What you are asked to do – All that is needed is the line containing "Floral Printed Morocain Woven Shirt" and the lines after it to the end of the material, written out exactly, pictures left aside.

Data excerpt –
--- START ---
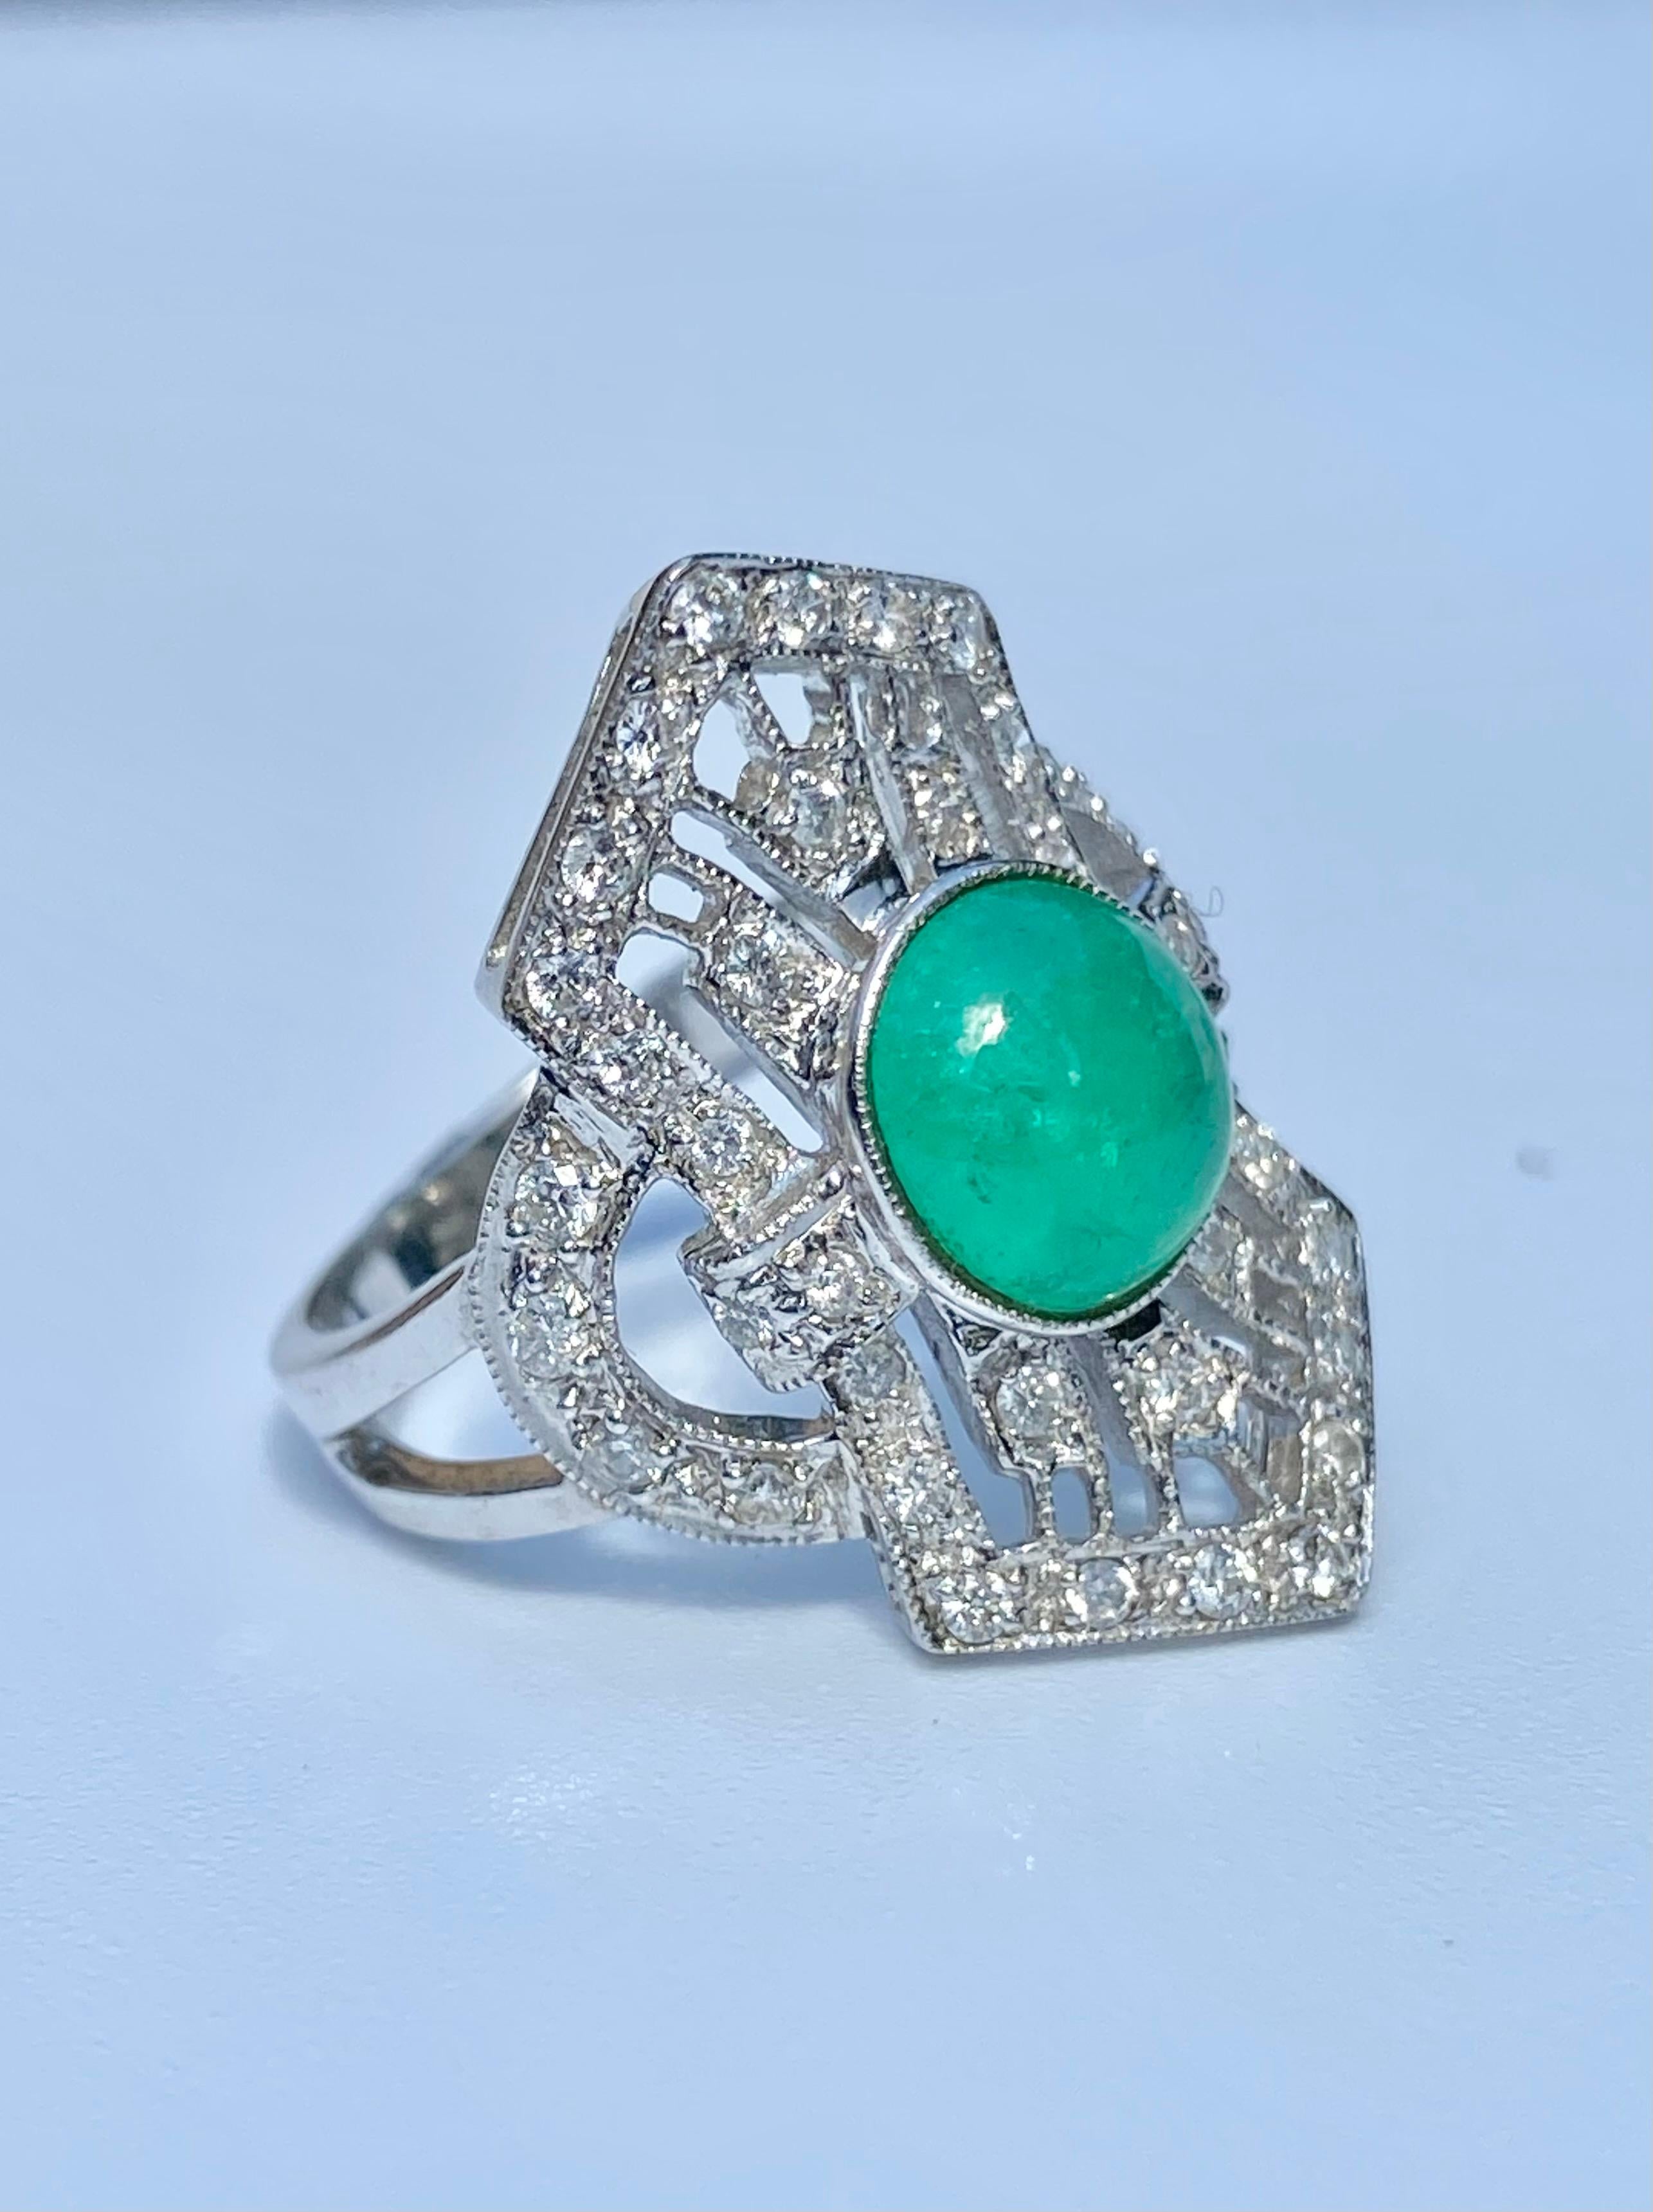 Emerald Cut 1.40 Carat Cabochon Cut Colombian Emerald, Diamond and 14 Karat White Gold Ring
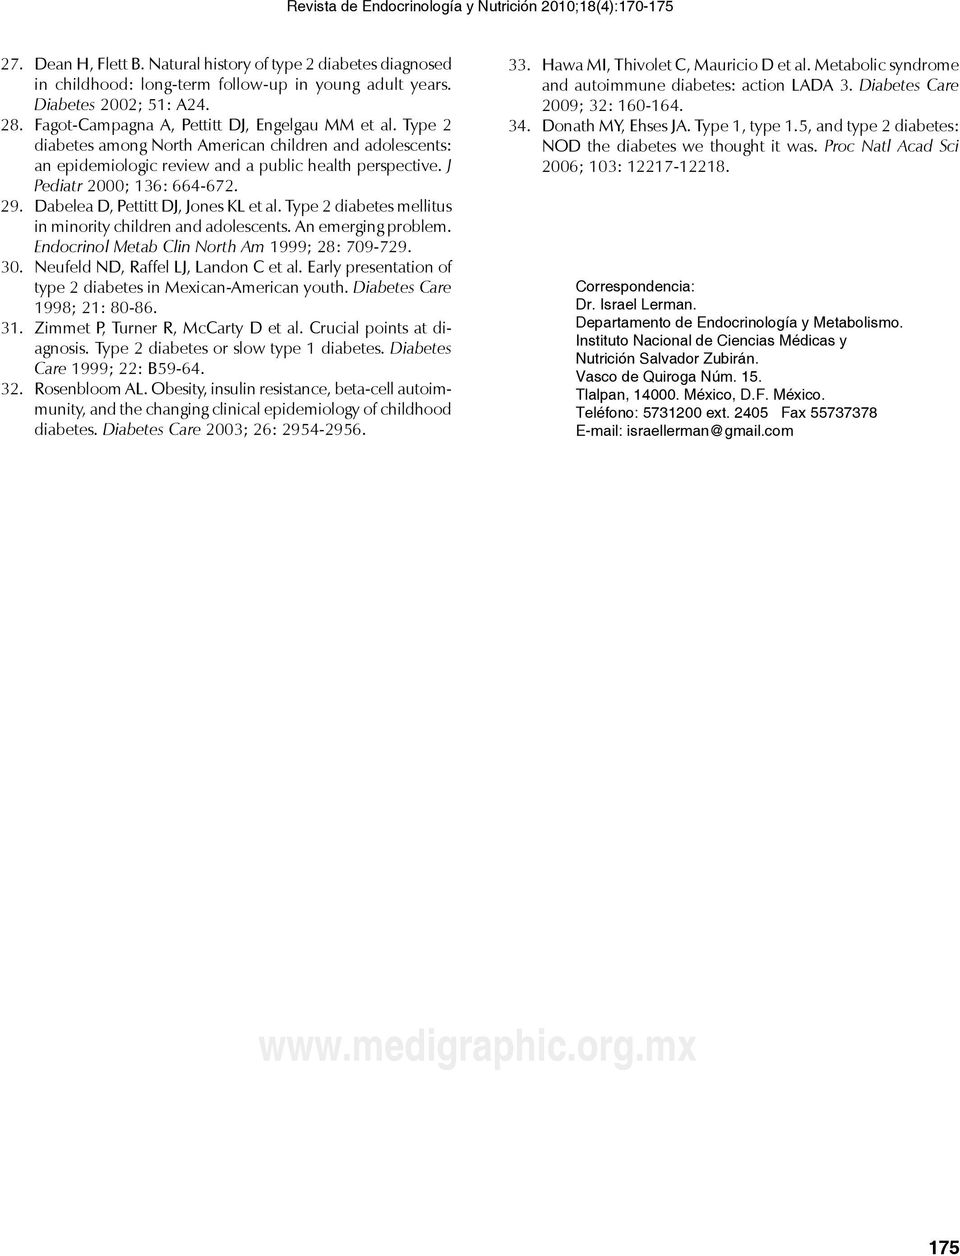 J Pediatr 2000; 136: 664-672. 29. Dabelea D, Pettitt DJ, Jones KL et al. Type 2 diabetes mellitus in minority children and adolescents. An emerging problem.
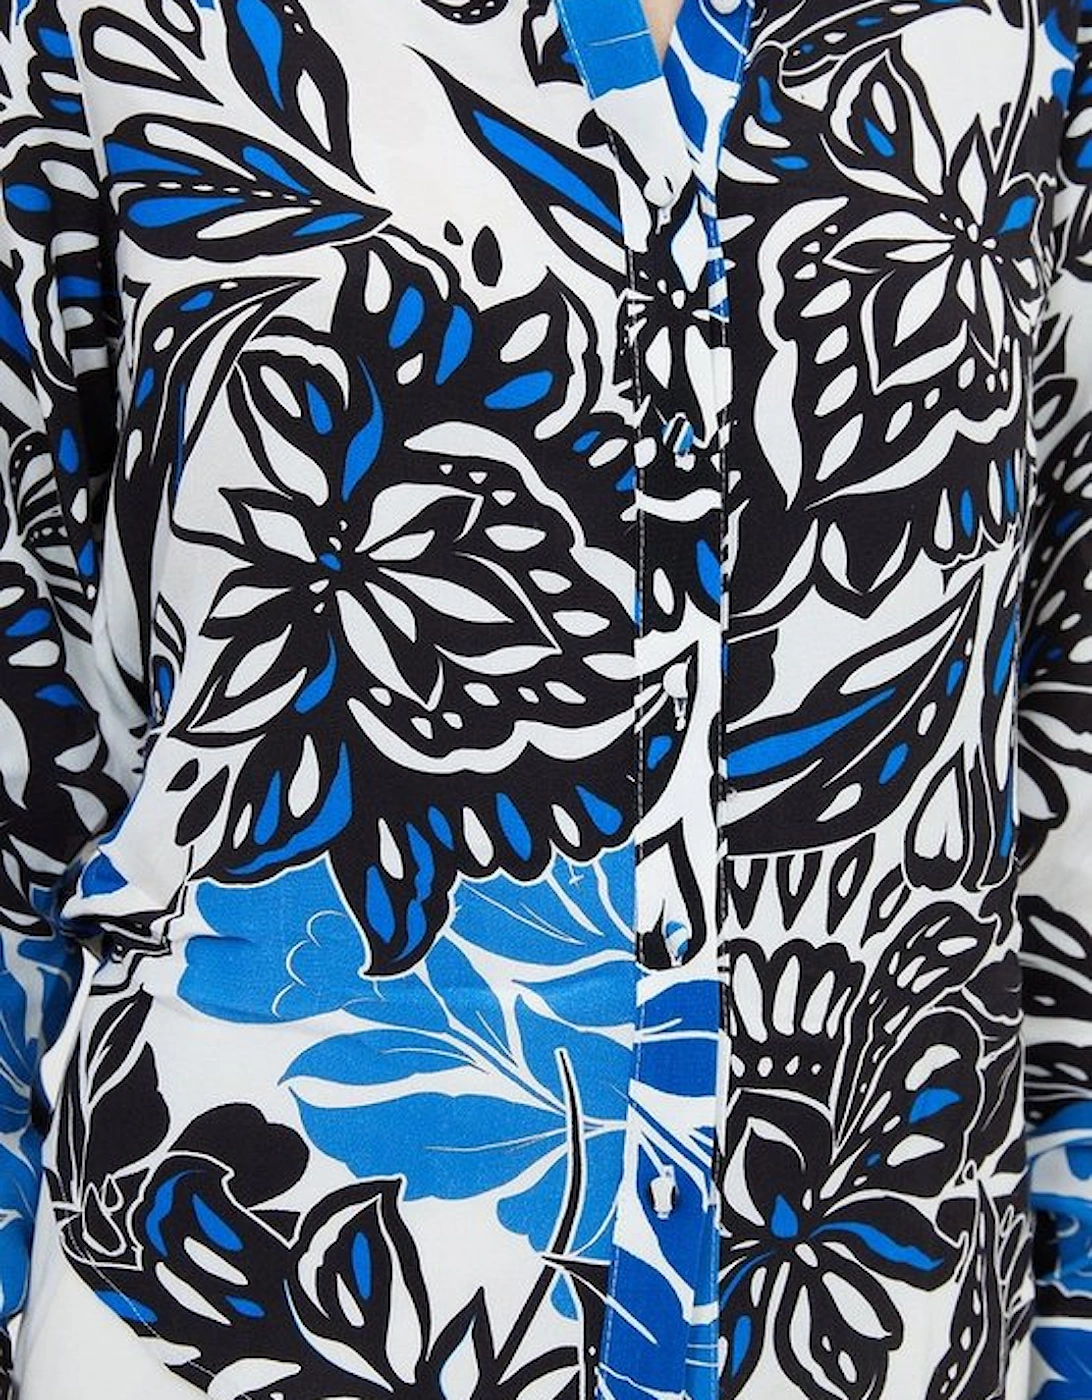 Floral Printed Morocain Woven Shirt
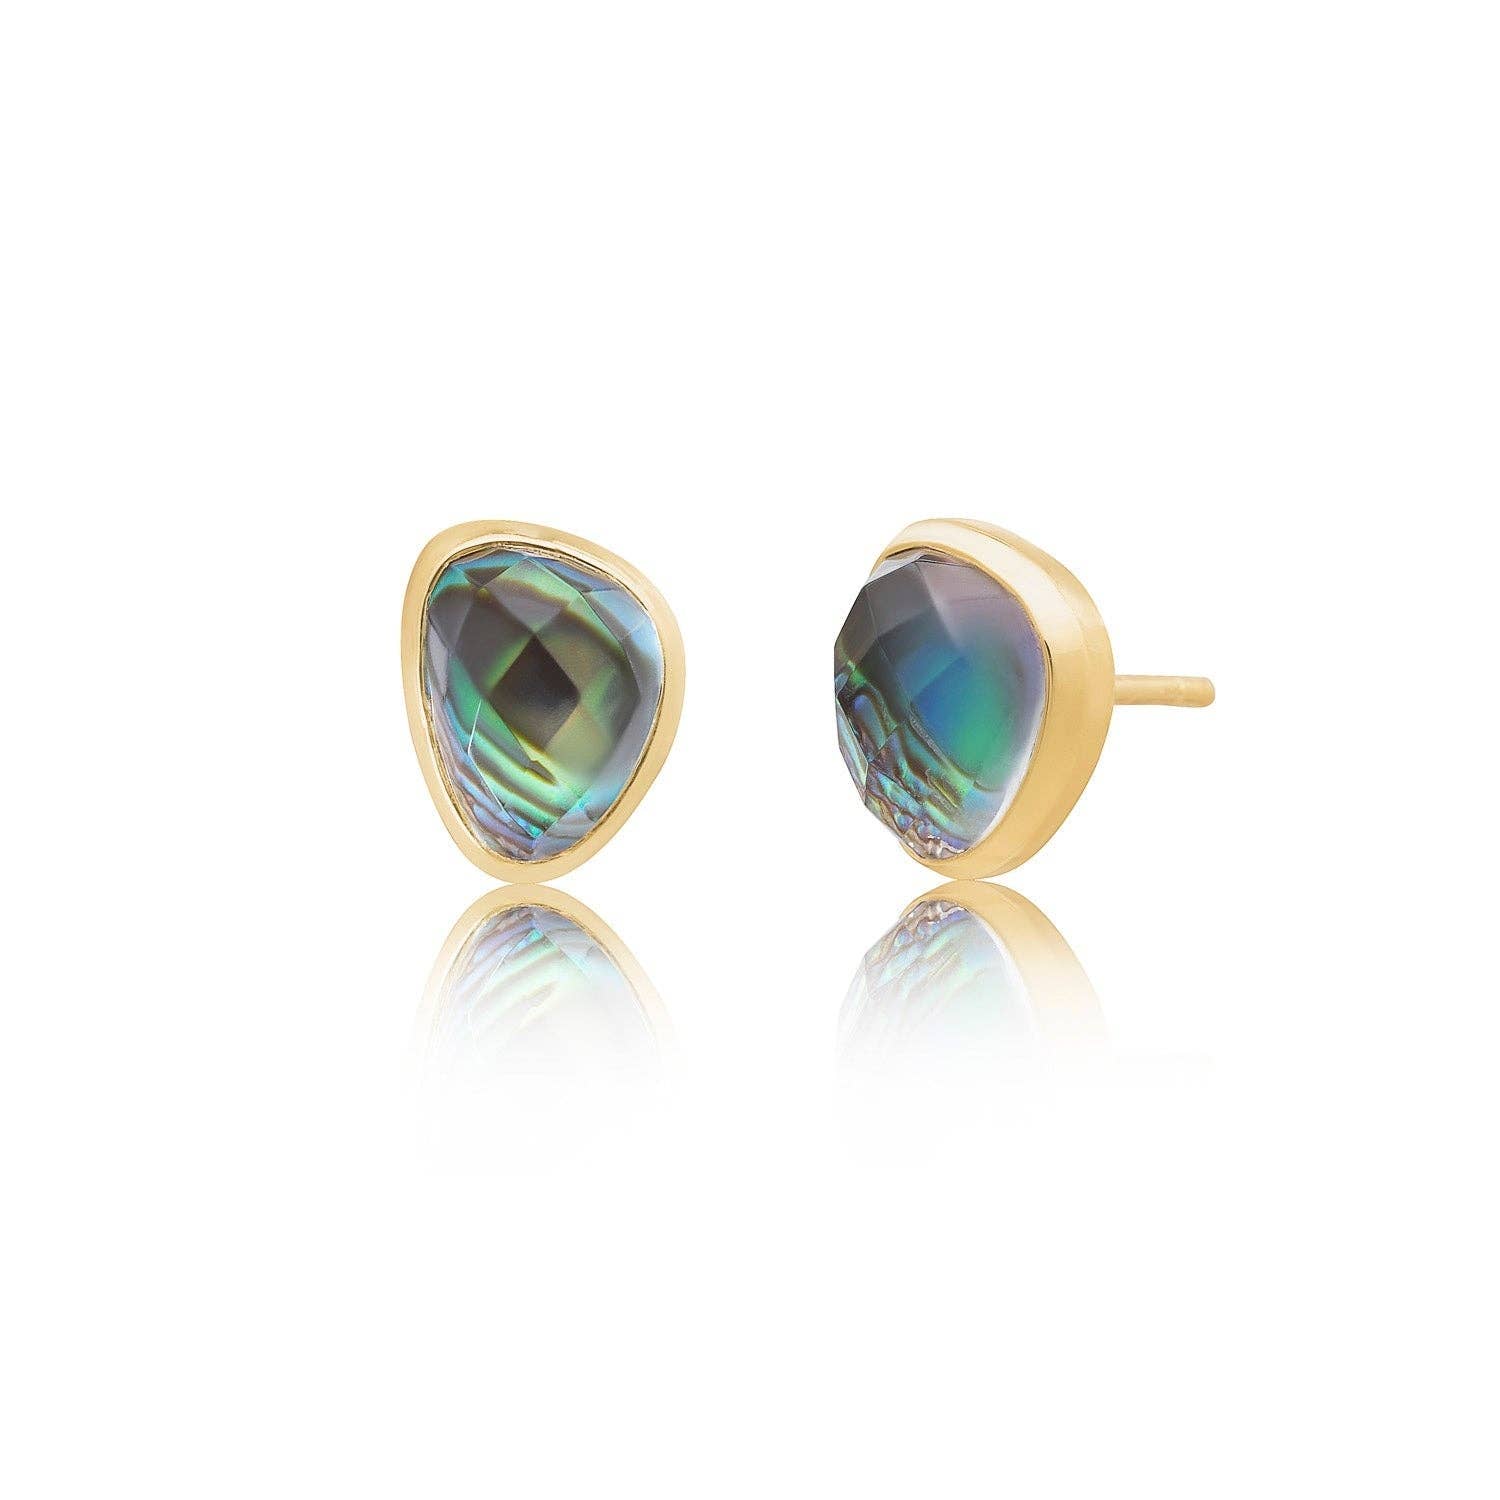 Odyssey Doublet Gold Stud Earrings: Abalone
--- END ---
Response to this task –
 Floral Printed Morocain Woven Shirt
 Odyssey Doublet Gold Stud Earrings: Abalone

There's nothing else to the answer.